Data warehouse technology options

In this section, we discuss options available for building a data warehouse: row-oriented databases, column-oriented databases, and massively parallel processing architectures.

Row-oriented databases

Row-oriented databases typically store whole rows in a physical block. High performance for read operations is achieved through secondary indexes. Databases such as Oracle Database Server, Microsoft SQL Server, MySQL, and PostgreSQL are row-oriented database systems. These systems have been traditionally used for data warehousing, but they are better suited for transactional processing (OLTP) than for analytics.

To optimize performance of a row-based system used as a data warehouse, developers use a number of techniques, including:

  • Building materialized views

  • Creating pre-aggregated rollup tables

  • Building indexes on every possible predicate combination

  • Implementing data partitioning to leverage partition pruning by query optimizer

  • Performing index-based joins

Traditional row-based data stores are limited by the resources available on a single machine. Data marts alleviate the problem, to an extent, by using functional sharding. You can split your data warehouse into multiple data marts, each satisfying a specific functional area. However, when data marts grow large over time, data processing slows down.

In a row-based data warehouse, every query has to read through all of the columns for all of the rows in the blocks that satisfy the query predicate, including columns you didn’t choose. This approach creates a significant performance bottleneck in data warehouses, where your tables have more columns, but your queries use only a few.

Column-oriented databases

Column-oriented databases organize each column in its own set of physical blocks instead of packing the whole rows into a block. This functionality allows them to be more input/output (I/O) efficient for read-only queries, because they have to read only those columns accessed by a query from disk (or from memory). This approach makes column-oriented databases a better choice than row-oriented databases for data warehousing.

Figure 3 illustrates the primary difference between row-oriented and column-oriented databases. Rows are packed into their own blocks in a row-oriented database, and columns are packed into their own blocks in a column-oriented database.

Row-oriented vs. column-oriented databases

Row-oriented vs. column-oriented databases

After faster I/O, the next biggest benefit to using a column-oriented database is improved compression. Because every column is packed into its own set of blocks, every physical block contains the same data type. When all the data is the same data type, the database can use extremely efficient compression algorithms. As a result, you need less storage compared to a row-oriented database. This approach also results in significantly lesser I/O, because the same data is stored in fewer blocks.

Some column-oriented databases that are used for data warehousing include Amazon Redshift, Vertica, Greenplum, Teradata Aster, Netezza, and Druid.

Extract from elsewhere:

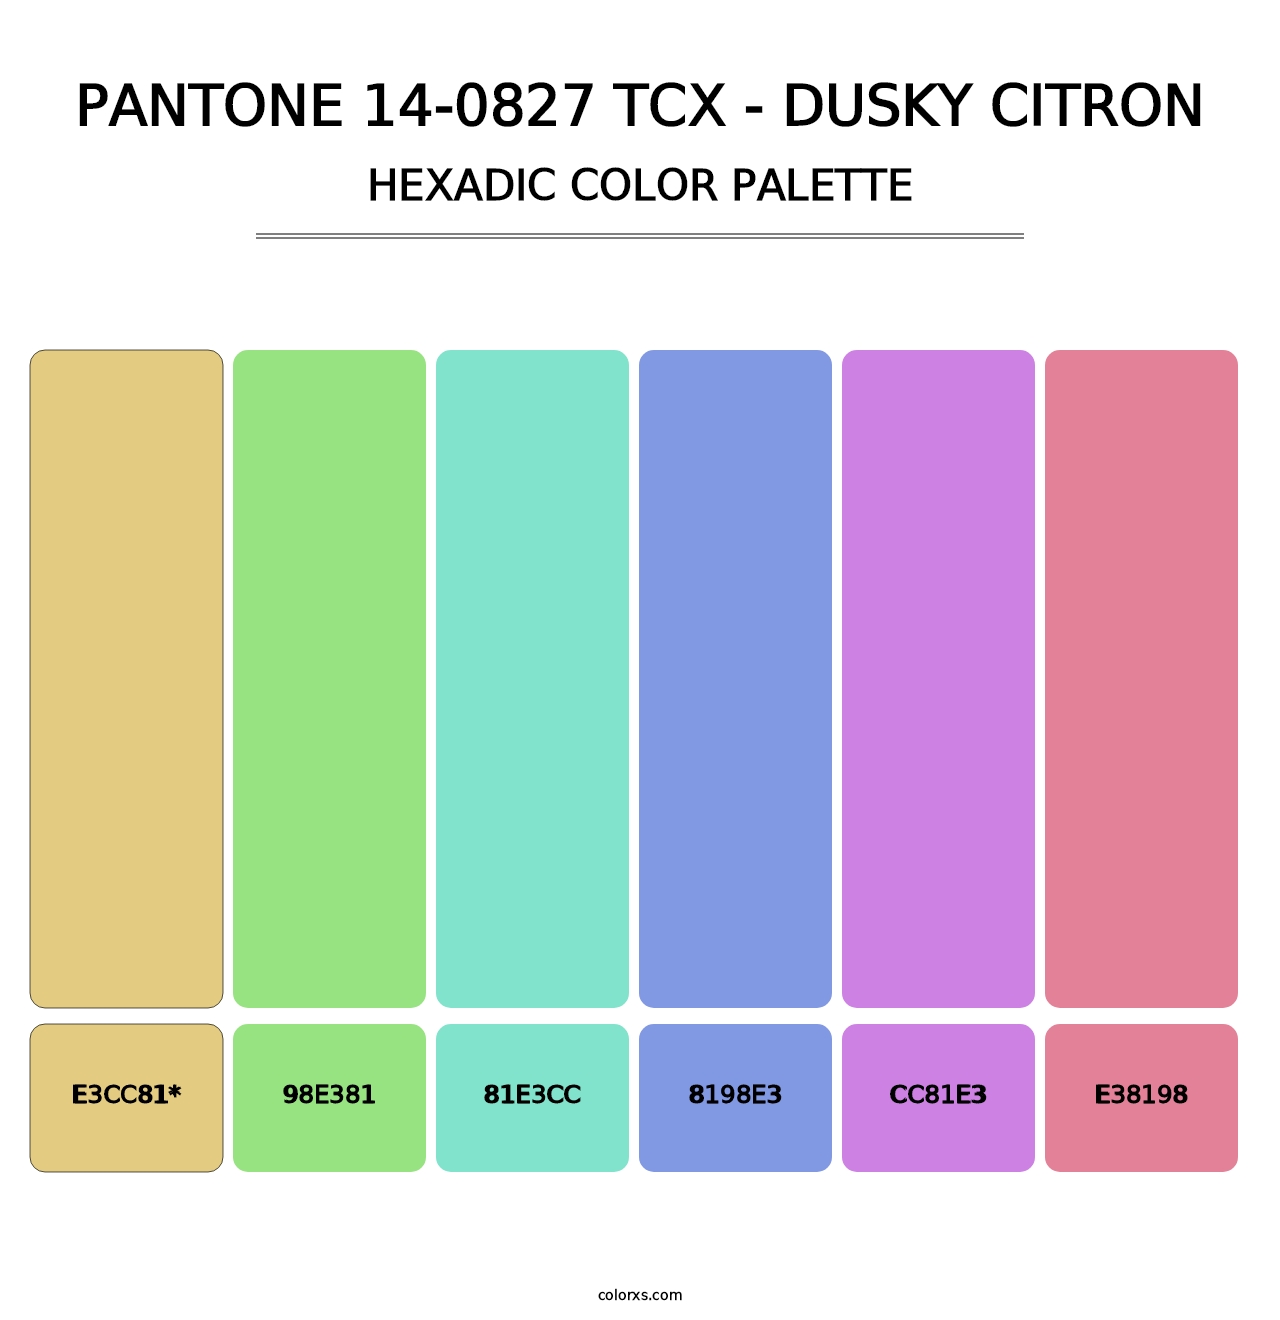 PANTONE 14-0827 TCX - Dusky Citron - Hexadic Color Palette

Massively Parallel Processing (MPP) architectures

An MPP architecture enables you to use all the resources available in the cluster for processing data, which dramatically increases performance of petabyte scale data warehouses. MPP data warehouses allow you improve performance by simply adding more nodes to the cluster. Amazon Redshift, Druid, Vertica, Greenplum, and Teradata Aster are some of the data warehouses built on an MPP architecture. Open-source frameworks such as Hadoop and Spark also support MPP.